Google Cloud revealed its ‘certified strategic’ status overnight, making it the ninth cloud provider to be accredited at that level.

Certified strategic is the highest level of assurance under the framework, and requires hosting providers and data centres to allow the government to specify ownership and control conditions.

Amazon Web Services, AUCloud, Sliced Tech, Vault Cloud and Microsoft were all endorsed as certified strategic in late 2021, followed by Kyndryl, Oracle and IBM this year.

There are also eight data centre providers – AirTrunk, Australian Data Centres, Canberra Data Centres, DCI, Equinix, Fujitsu, Macquarie Telecom and NEXTDC – that carry the certification.

No providers are yet to gain the lesser certification of ‘certified assured’, which offers safeguards to agencies if ownership controls or operations change.

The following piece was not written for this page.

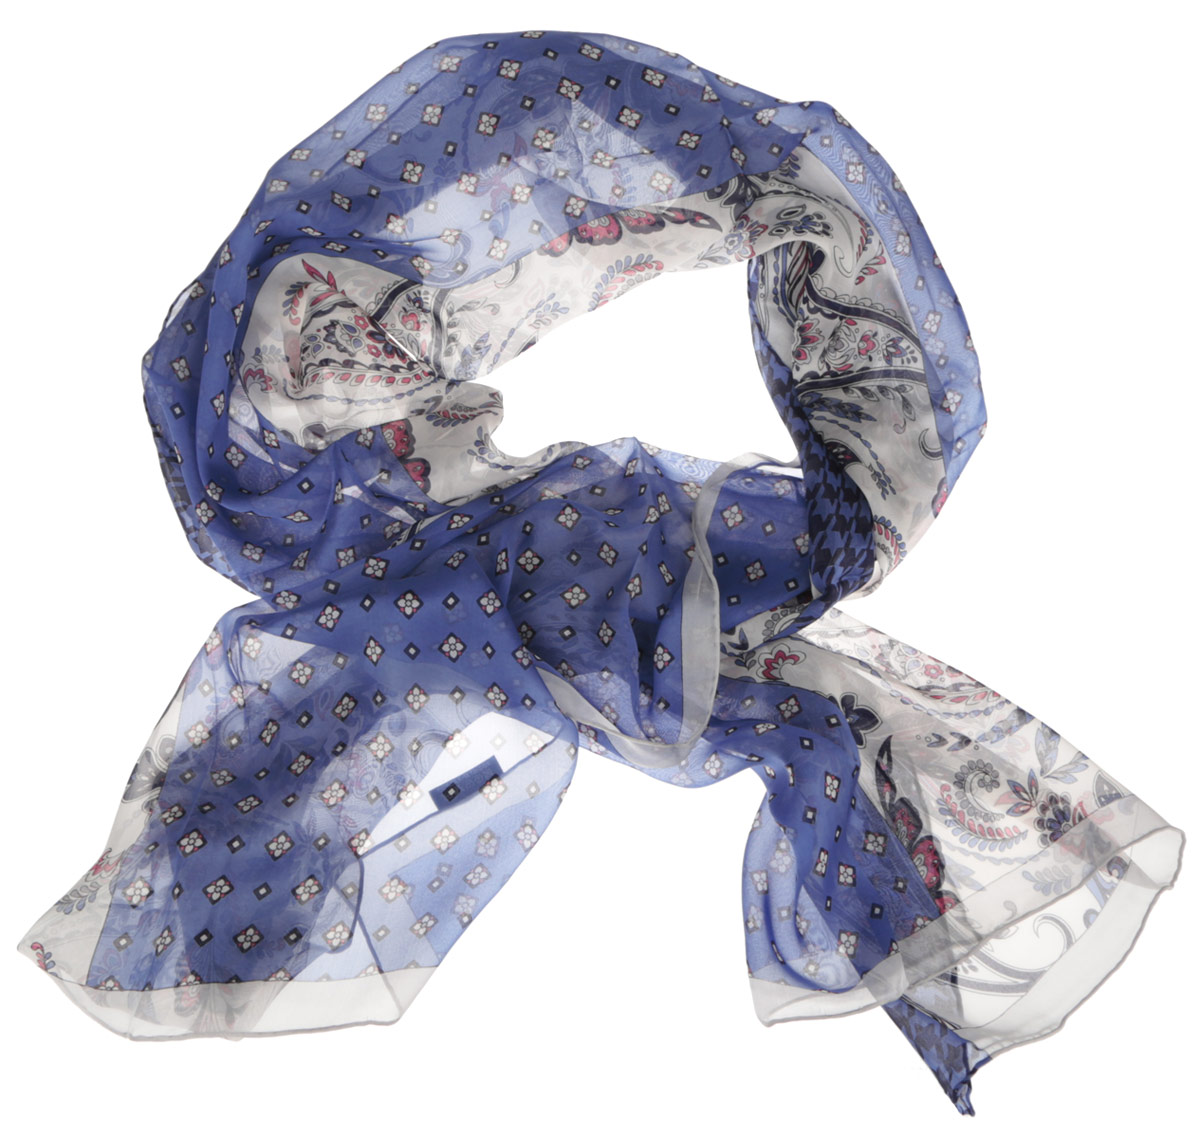 Шарф женский Fabretti, цвет: синий, белый, мультиколор. CX1516-57-5. Размер 180 см х 65 смCX1516-57-5Стильный женский шарф Fabretti станет великолепным завершением любого наряда. Шарф изготовлен из шелка и оформлен изысканным орнаментом. Края шарфа обработаны ручным швом.Мягкий и шелковистый шарф поможет вам создать изысканный женственный образ, а также согреет в непогоду.Такой шарф превосходно дополнит любой наряд и подчеркнет ваш неповторимый вкус и элегантность.

Under new rules that came into force this month, agencies can only host sensitive government data, whole-of-government systems and systems rated to a protected-level with such providers.

The mandate applies to “all new and extensions to existing contracts for hosting services”, after the Digital Transformation Agency quietly changed the scope of the policy.

Agencies are also able to use uncertified service providers for "non-sensitive data, or where their internal risk assessment determines it is appropriate to do so", but with only minimal protections.

In a statement, Google Cloud A/NZ vice president Alister Dias described the certification as an “important milestone” that would allow the company to work more closely with agencies.

“Being ‘certified strategic’... means our security controls meet the requirements set by the DTA, which ensures the security management of critical infrastructure, supply chains, government data and systems,” he said.

Dias said Google Cloud also maintains an IRAP certification, which confirms [its] security controls meet the requirements prescribed by the... Australia Cyber Security Centre”.

Google’s addition on the HCF provider list means there are now 28 data centre and cloud providers that are awaiting certification under the whole-of-government HCF.

As revealed by iTnews earlier this week, the backlog has resulted in a last-minute exemption clause that allows agencies to request to use providers that are yet to receive certification.

One unnamed agency has applied for and had an exemption granted by the DTA to date. The exemption will run for at least one year.